Test pieces were collected for each valve plate from the valve plate bodies of 1 to 6 examples manufactured in the above embodiment and the valve plate bodies of examples A to E manufactured by the conventional casting method. A tensile test (Table 2), a seizure resistance test and an abrasion resistance test (Table 3) were conducted. In addition, about the tensile test, the test piece was set as the JIS 14A No. test piece by the JIS Z2241 metal material tensile test method.

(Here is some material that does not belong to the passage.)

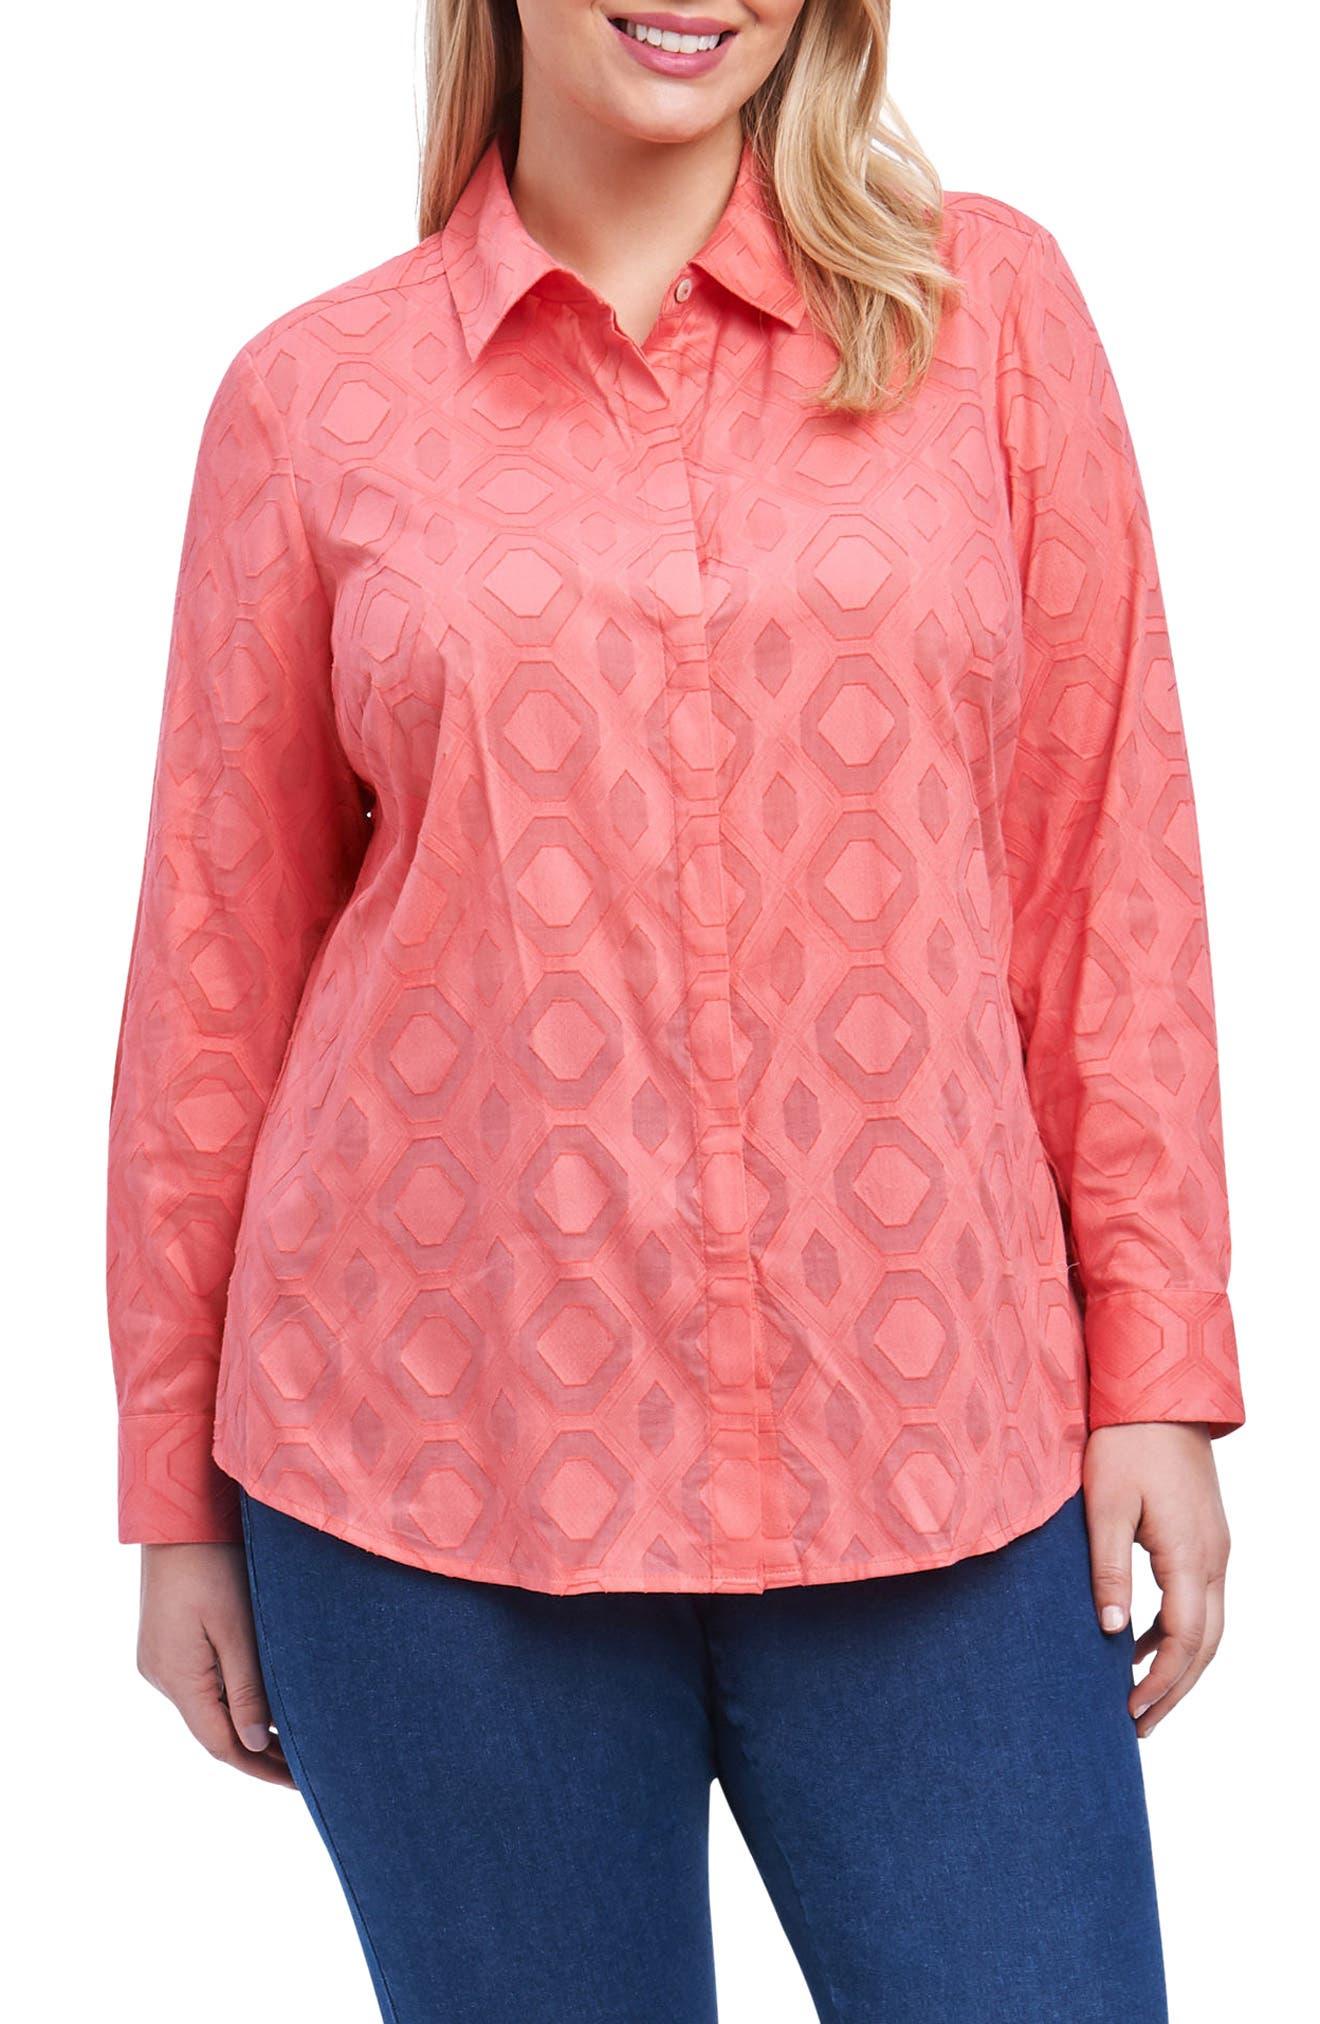 Ava Diamond Clip Jacquard Shirt,                         Main,                         color, Sunset Coral

  It can be seen from Table 2 that the valve plate of the present invention is superior in tensile strength (stickiness) to the comparative product. Can be caught.

  As the wear test piece, a ring-on-disk type thrust friction wear tester is used. The test conditions are a seizure resistance evaluation test and an abrasion resistance evaluation test. Lubricating oil is ATF oil with low viscosity and the oil temperature is measured at room temperature. In the seizure resistance evaluation test, an increasing load is applied to a round plate test piece until the counter ring rotating at 6,000 rpm is seized, and the seizure resistance is evaluated based on the seizure load. The higher the value, the better the seizure resistance. In the wear resistance evaluation test, a constant load of 1,000 N is continuously applied for 1 hour at a rotational speed of 6,000 rpm, and the wear mark depth value after the test is evaluated. The smaller the value, the better the wear resistance. Thus, it can be seen from Table 3 that the sliding characteristics of the products of the present invention have better seizure resistance and wear resistance than the comparative material.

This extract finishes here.